While we in New York were celebrating the installation of Archbishop Dolan, and preparing for our Centennial Mass, this news dropped.  Rumors had been around for the past few weeks among the secular media.  It's the news of the Vatican's investigation of the Leadership Conference of Women Religious.  Not--mind you--the earlier investigation announced of women's religious orders in general, but the LCWR specifically.  Here is the first few graphs of the AP story:

...VATICAN CITY (AP) — The Vatican has launched a doctrinal investigation into the leadership of Catholic sisters in the United States, reportedly because they have not sufficiently promoted the Vatican line on homosexuality and other issues.

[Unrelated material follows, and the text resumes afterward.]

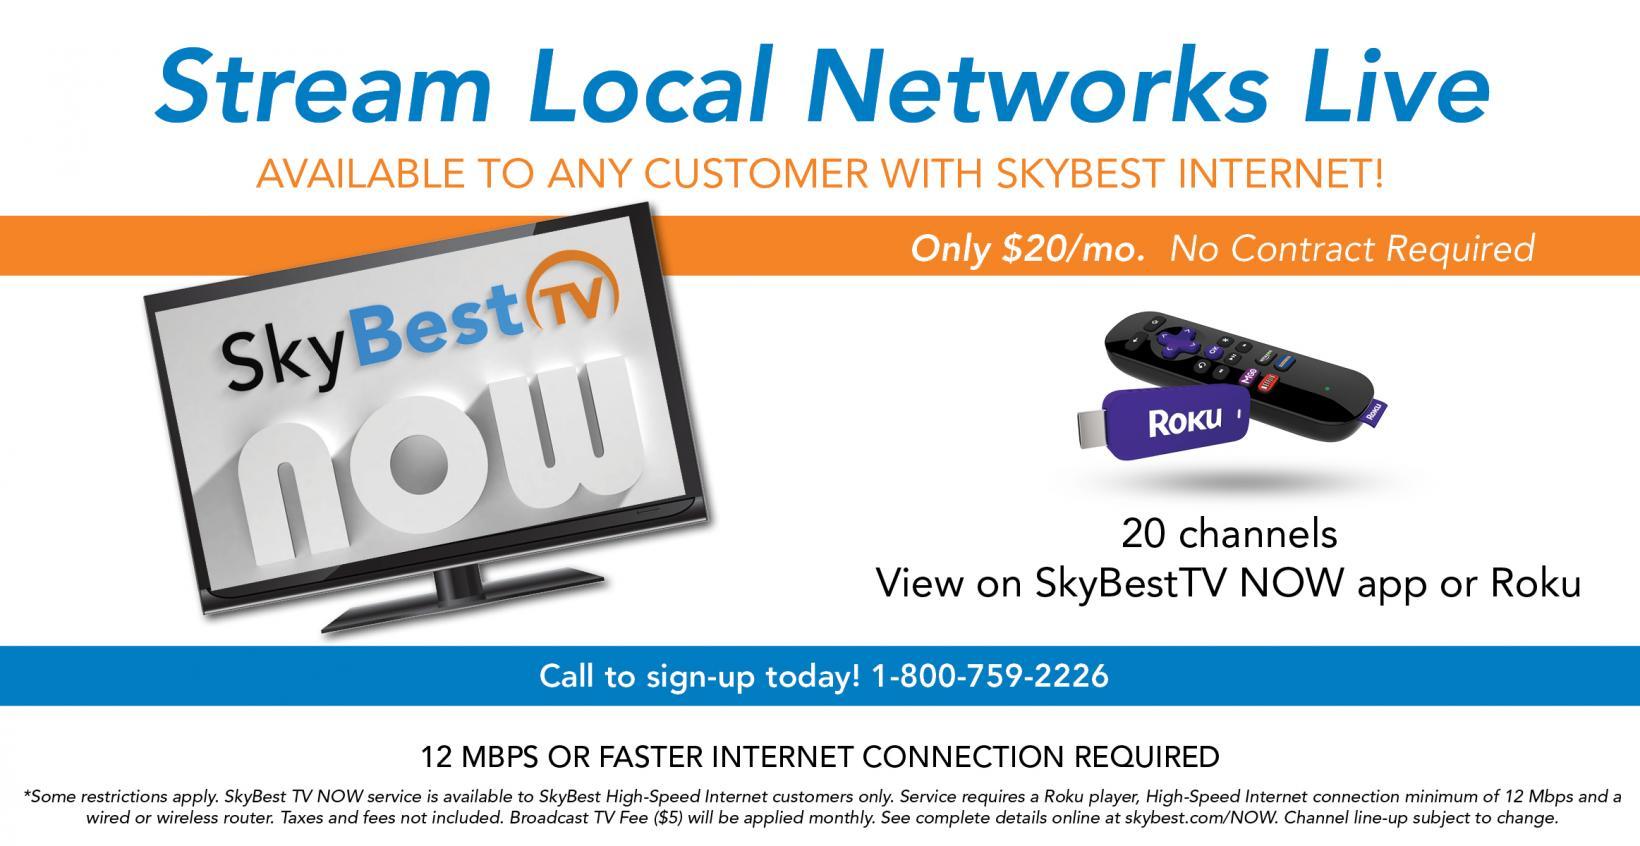 SkyBest TV NOW eBill | SkyLine/SkyBest
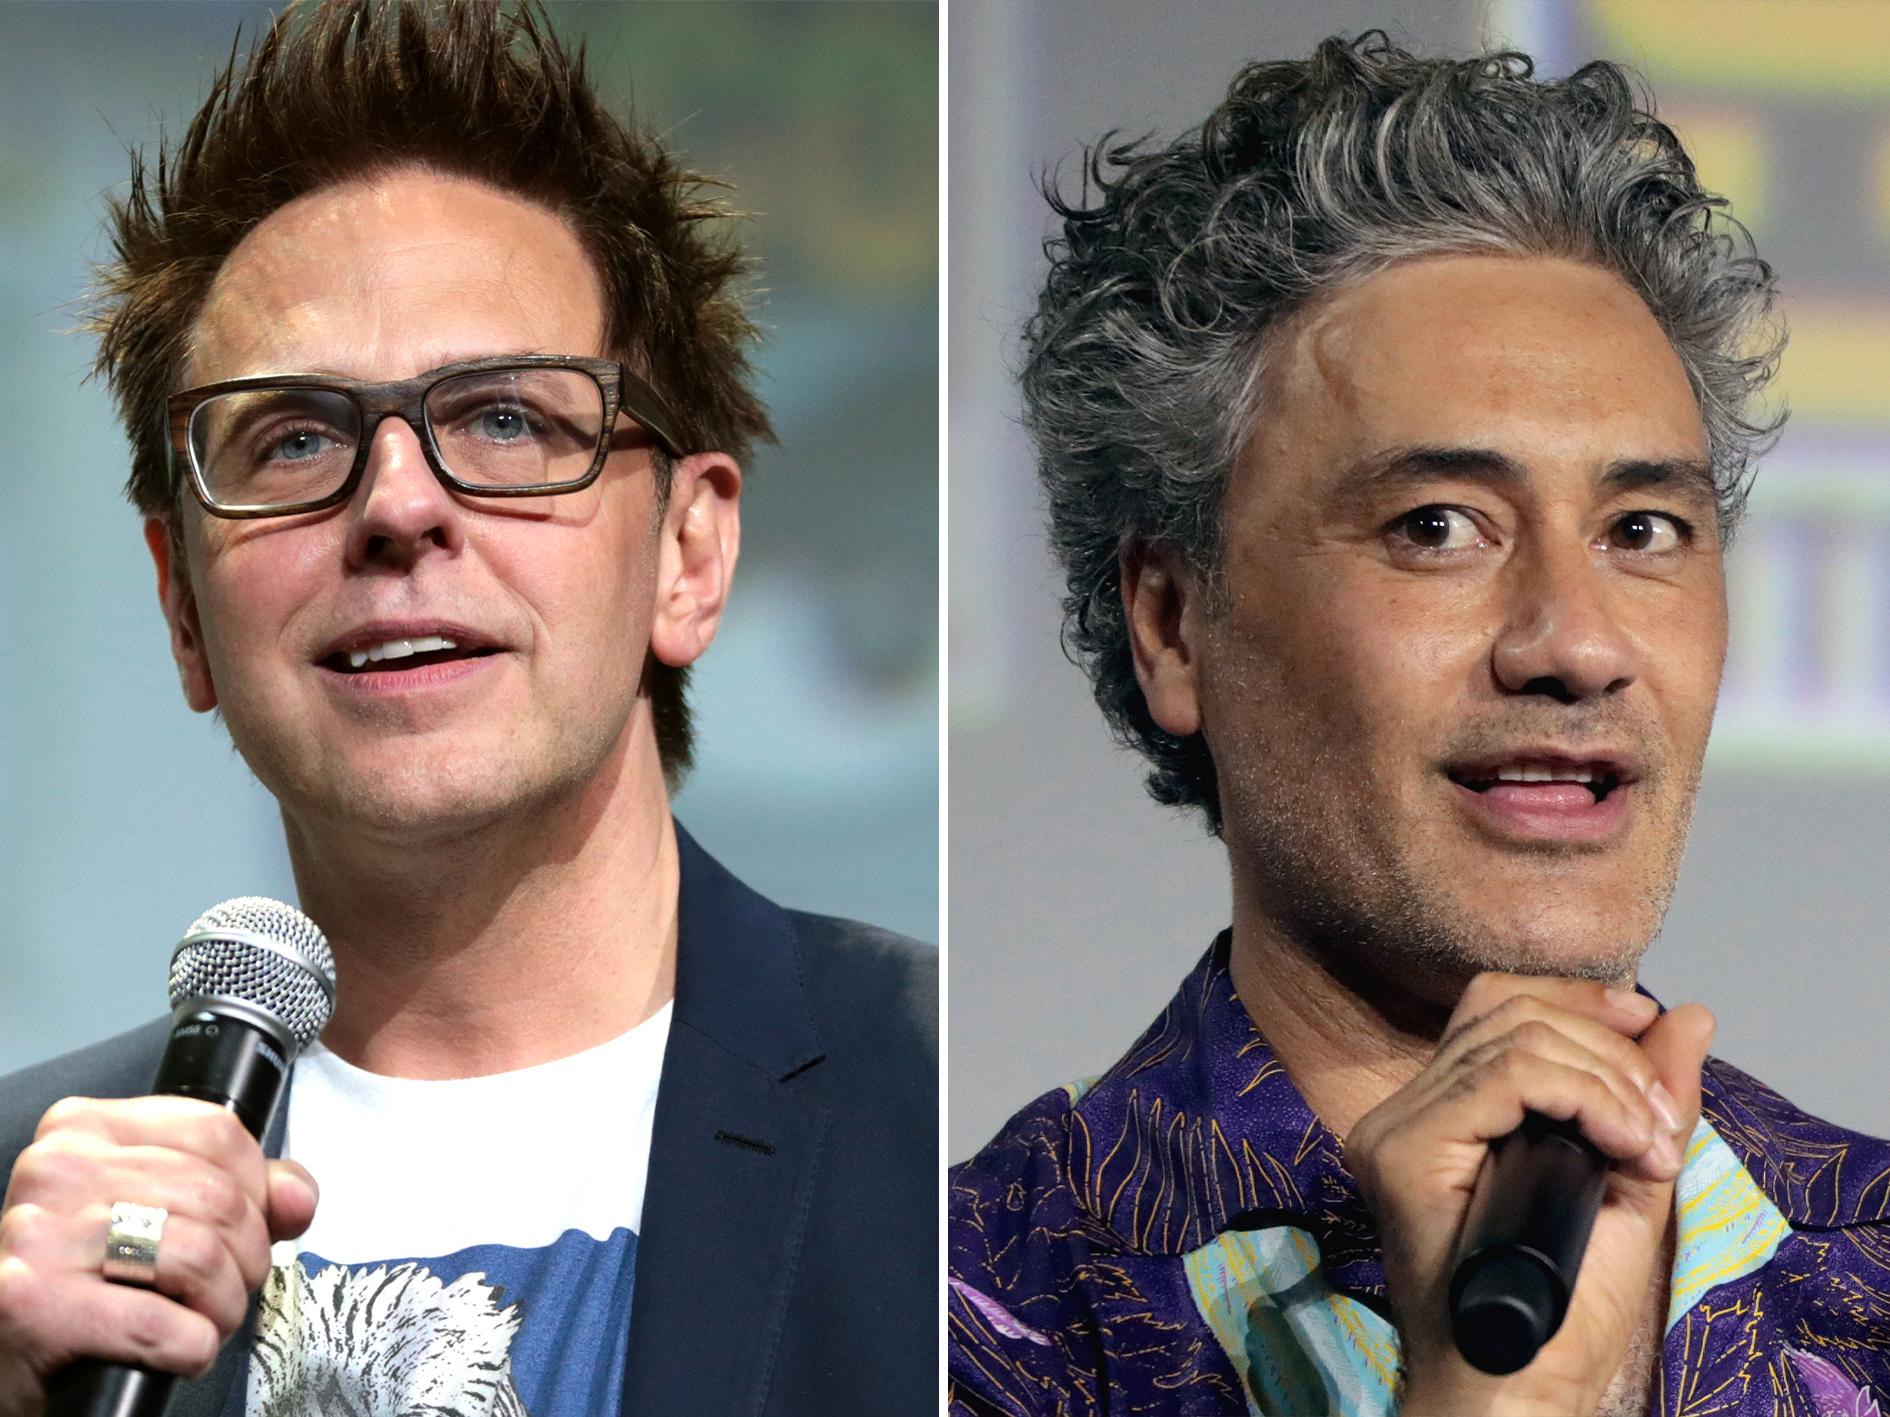 James Gunn Taika Waititi 25 Things You Didn't Know About Avengers: Endgame

The Leadership Conference of Women Religious, an association that gathers the leaders of most of the country's women's congregations, said it was informed of the "doctrinal assessment" in a letter from the Congregation for the Doctrine of the Faith, the Vatican's orthodoxy watchdog.

The doctrinal investigation is separate from another Vatican-ordered study looking into the quality of the life in more than 400 U.S. women's religious institutes. That study was launched as the church grapples with the dramatic decline in the number of American nuns and sisters over the past several decades.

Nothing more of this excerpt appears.